Ay Manizales
Señor director:

No lo conocía hasta hace unos días. Me refiero a lo hecho en la plaza Alfonso López. Soy, desde hace décadas, habitante “de Cristo Rey pa’rriba”. Solo voy al Centro en caso no de necesidad, sino de necesidad extrema. Es un Manizales, el del Centro, indefinible. Lleno de precariedad disimulada, de rebusque, de mugre, de droga, de fachadas deterioradas o pintarrajeadas de la peor manera, de abandono y desamor. De una multitud que deambula porque no tiene nada qué hacer. La Plaza, que lleva el nombre de un político que nadie actual recuerda, es la superficie de un nudo de túneles oscuros que adolece de verde, excedida de ladrillos.
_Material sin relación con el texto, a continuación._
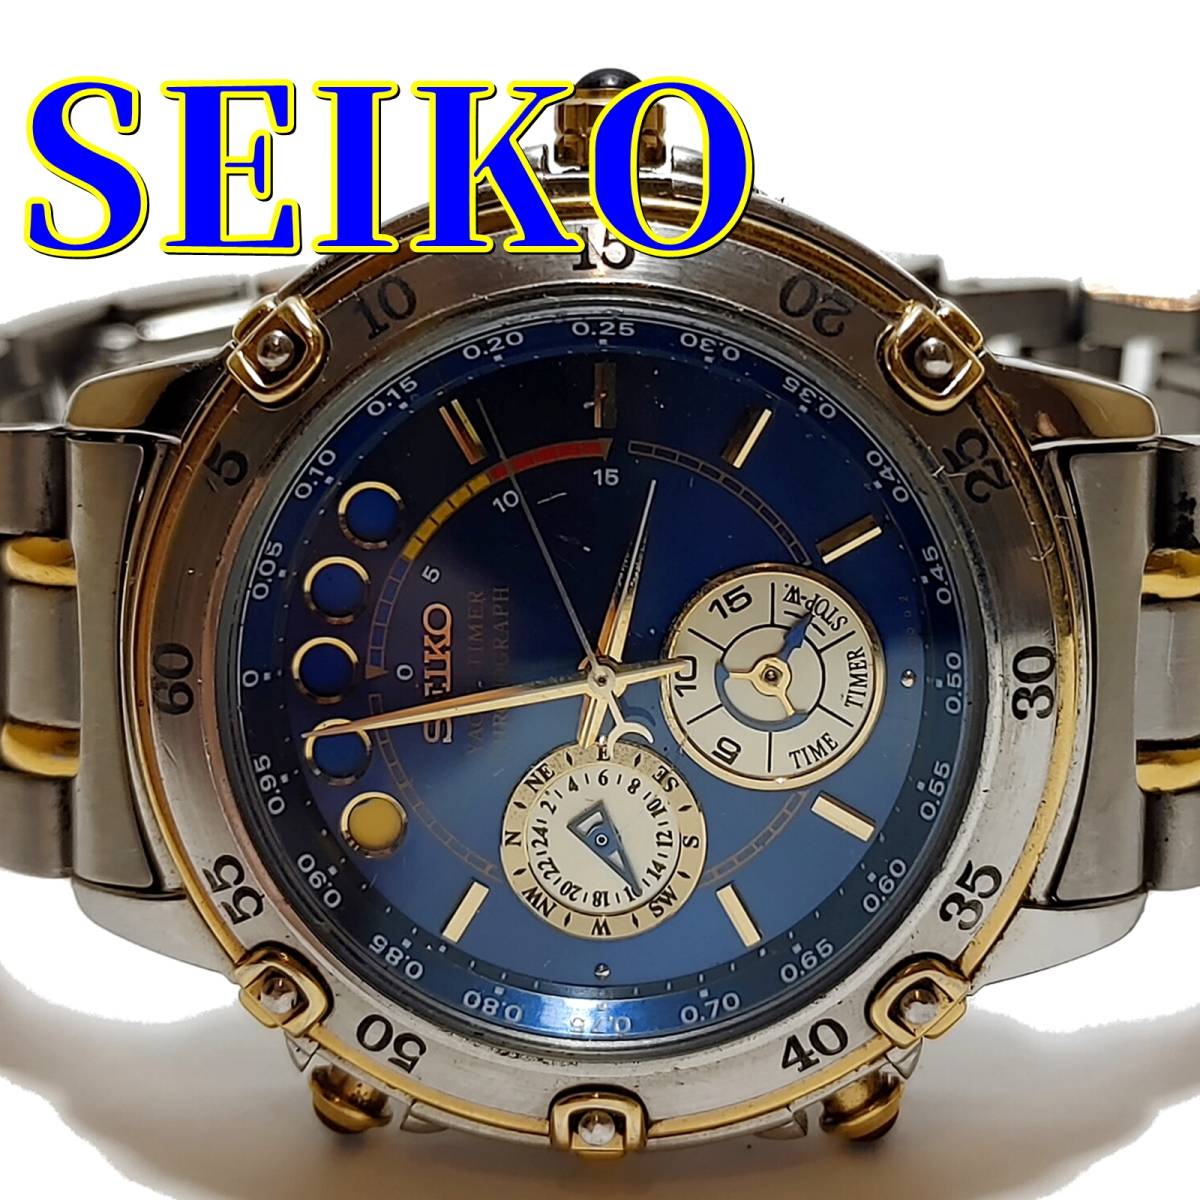 SEIKO YACHT TIMER ヨットタイマー 腕時計 8M37-6000 - メンズ
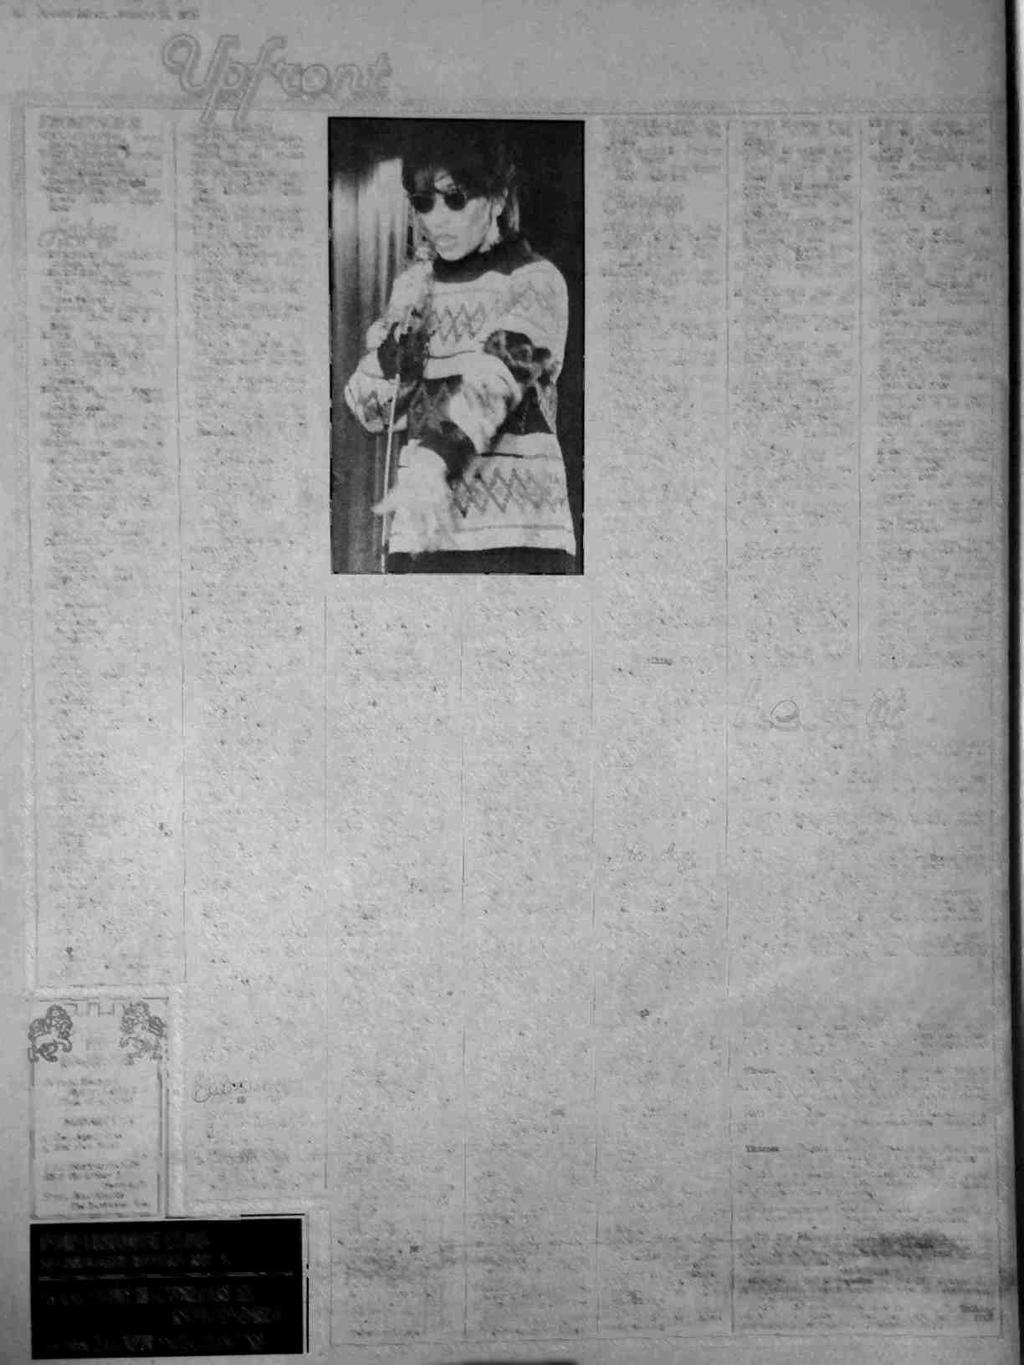 b canty ;/ 32 Record Mrror, January 241, 1978 F ROM PAGE" 31 M ELLNGTON Town Hearse. TyV Gets MNT RUNYON, Pavlon /1 1103).

Parece diseñada por ingenieros, no alcanza a ser amable pero tampoco fea.
La puerta abierta que corona el cóndor tiene gracia y destaca lo fatal de la pueblerina y obvia que pusieron por la avenida Centenario, cerca a Santa Sofía, digna de pronta demolición. Útil para más rebuscadores quien me acompañaba solo quería salir corriendo de allí. ¿Correr para dónde? -me pregunté al retomar las calles hacia la carrera 23 atravesando, otra vez, en fila de a uno, por entre la gente en los estrechos andenes llenos de ventas de cachivaches. Esquivamos en la caminada las que se pudo, observar como caen o dejan caer las añosas casas que sobrevive por la carrera 24. Todas aquellas edificaciones icónicas para mi generación hoy han cambiado de nombre y de personalidad. Aquellos puntos de referencia están distorsionados.
Decir la esquina del Banco de Caldas o la de Seguros Atlas, del Banco del Comercio o del edificio Ángel es hablar al pasado olvidado. Mirar el llamado Palacio, hoy Palacio Arzobispal, es deprimente: ese color rosado, descolorido, los locales con mercancías colgadas en sus puertas, los groseros graffitis y la puerta deteriorada, despiertan nostalgias de mejores tiempos. No mejores por pasados, si no, tal vez, porque el fiel surtidor de hidalguía -ahora, apenas si, acequia pobre- se sigue alimentando de supuestas glorias. Del armiño de antes -puro y simple- a esto.
Pero Manizales, aún desde sus escombros y grietas, respira una terquedad que no se rinde. Su historia de superación sobre desastres, su capacidad para levantarse de las cenizas, nos da la certeza de que lo que hoy parece ruina, mañana puede ser cimiento. En los ojos de quienes aún creen, en las manos que limpian y reconstruyen, vive un susurro de esperanza: que el Manizales del futuro no solo recuerde, sino que haga honor a las glorias del pasado mientras sueña con ser algo más grande, más justo, más humano.